To Plot a bar chart we provide Set stat=identity , and both x and y inside aes() .
library(ggplot2)
theme_set(theme_bw())
data(“mtcars”)
mtcars$`car name` <- rownames(mtcars)
mtcars$sample_z <- round((mtcars$mpg – mean(mtcars$mpg))/sd(mtcars$mpg), 2)
mtcars$sample_type <- ifelse(mtcars$sample_z < 0, “below”, “above”)
mtcars <- mtcars[order(mtcars$sample_z), ]
mtcars$`car name` <- factor(mtcars$`car name`, levels = mtcars$`car name`)
ggplot(mtcars, aes(x=`car name`, y=sample_z, label=sample_z)) +
geom_bar(stat=’identity’, aes(fill=sample_type), width=.5) +
scale_fill_manual(name=”Mileage”, labels = c(“Above Average”, “Below Average”),
values = c(“above”=”#00ba38”, “below”=”#f8766d”)) + labs(subtitle=”Normalised mileage from ‘mtcars'”,
title= “Diverging Bars”) + coord_flip()
Diverging Lollipop Chart
Lollipop chart looks more modern and use geom_point and geom_segment instead of geom._bar .
library(ggplot2)
theme_set(theme_bw())
ggplot(mtcars, aes(x=`car name`, y=sample_z, label=sample_z)) +
geom_point(stat=’identity’, fill=”black”, size=6) +geom_segment(aes(y = 0, x = `car name`,
yend = sample_z, xend = `car name`), color = “black”) + geom_text(color=”white”, size=2) +
labs(title=”Diverging Lollipop Chart”, subtitle=”Normalized mileage from ‘mtcars’: Lollipop”) +
ylim(-2.5, 2.5) +coord_flip()
Diverging Dot Plot
library(ggplot2)
theme_set(theme_bw())
ggplot(mtcars, aes(x=`car name`, y=sample_z, label=sample_z)) +
geom_point(stat=’identity’, aes(col=sample_type), size=6) +
scale_color_manual(name=”Mileage”,labels = c(“Above Average”, “Below Average”),
values = c(“above”=”#00ba38”, “below”=”#f8766d”)) + geom_text(color=”white”, size=2) +
labs(title=”Diverging Dot Plot”, subtitle=”Normalized mileage from ‘mtcars’: Dotplot”) + ylim(-2.5, 2.5) +
coord_flip()
Area Chart
Area charts are used to plot a particular metric.

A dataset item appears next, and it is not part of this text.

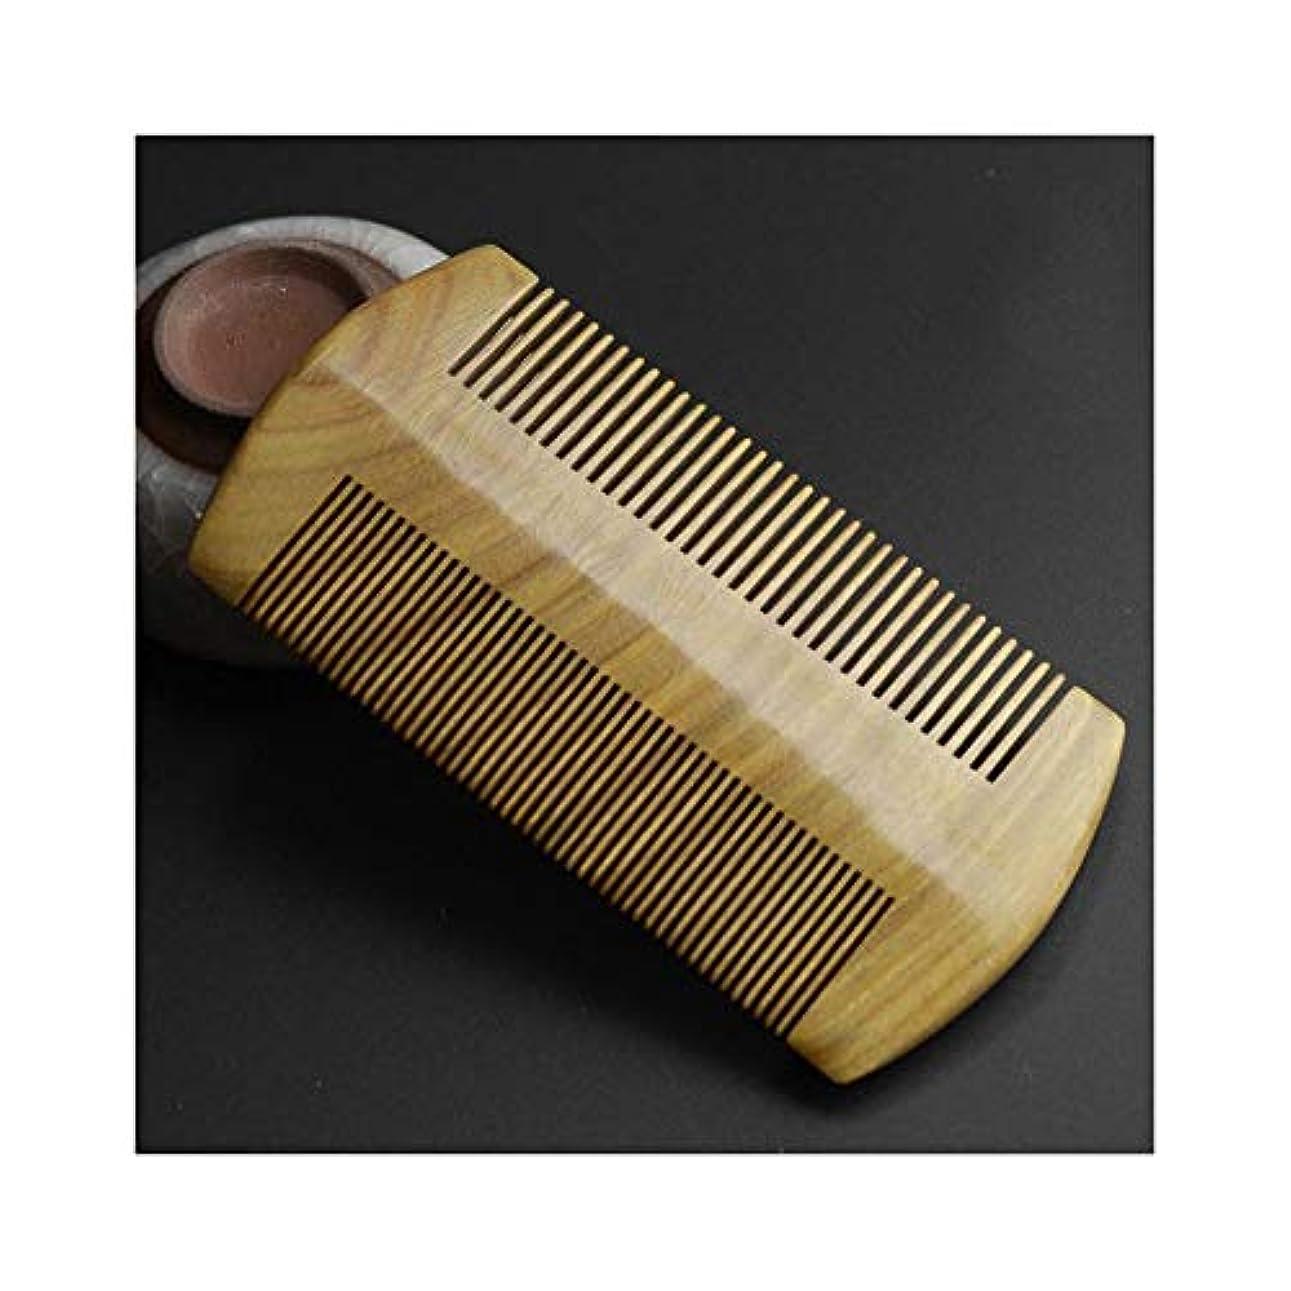 引き受ける売り手十代WASAIO 両面木製のくしメンズビアードカーリーストレートヘアブラシブラシ手作り抗静的グリーンサンダルウッドマッサージ (色 : オレンジ)

The geom_area() function is used to implements this chart.
library(ggplot2)
library(quantmod)
data(“economics”, package = “ggplot2”)
economics$sample_perc <- c(0, diff(economics$psavert)/economics$psavert[-length(economics$psavert)])
brks <- economics$date[seq(1, length(economics$date), 12)]
lbls <- lubridate::year(economics$date[seq(1, length(economics$date), 12)])
ggplot(economics[1:100, ], aes(date, sample_perc)) + geom_area() +
scale_x_date(breaks=brks, labels=lbls) + theme(axis.text.x = element_text(angle=90)) +
labs(title=”Area Chart”, subtitle = “Perc Returns for Personal Savings”,
y=”% Returns for Personal savings”, caption=”Source: economics”)
- Ranking
For Free, Demo classes Call: 8605110150
Registration Link: Click Here!
Ordered Bar Chart
Sample_cty_mpg <- aggregate(mpg$cty, by=list(mpg$manufacturer), FUN=mean)
colnames(sample_cty_mpg) <- c(“make”, “mileage”)
sample_cty_mpg <- sample_cty_mpg[order(cty_mpg$mileage), ]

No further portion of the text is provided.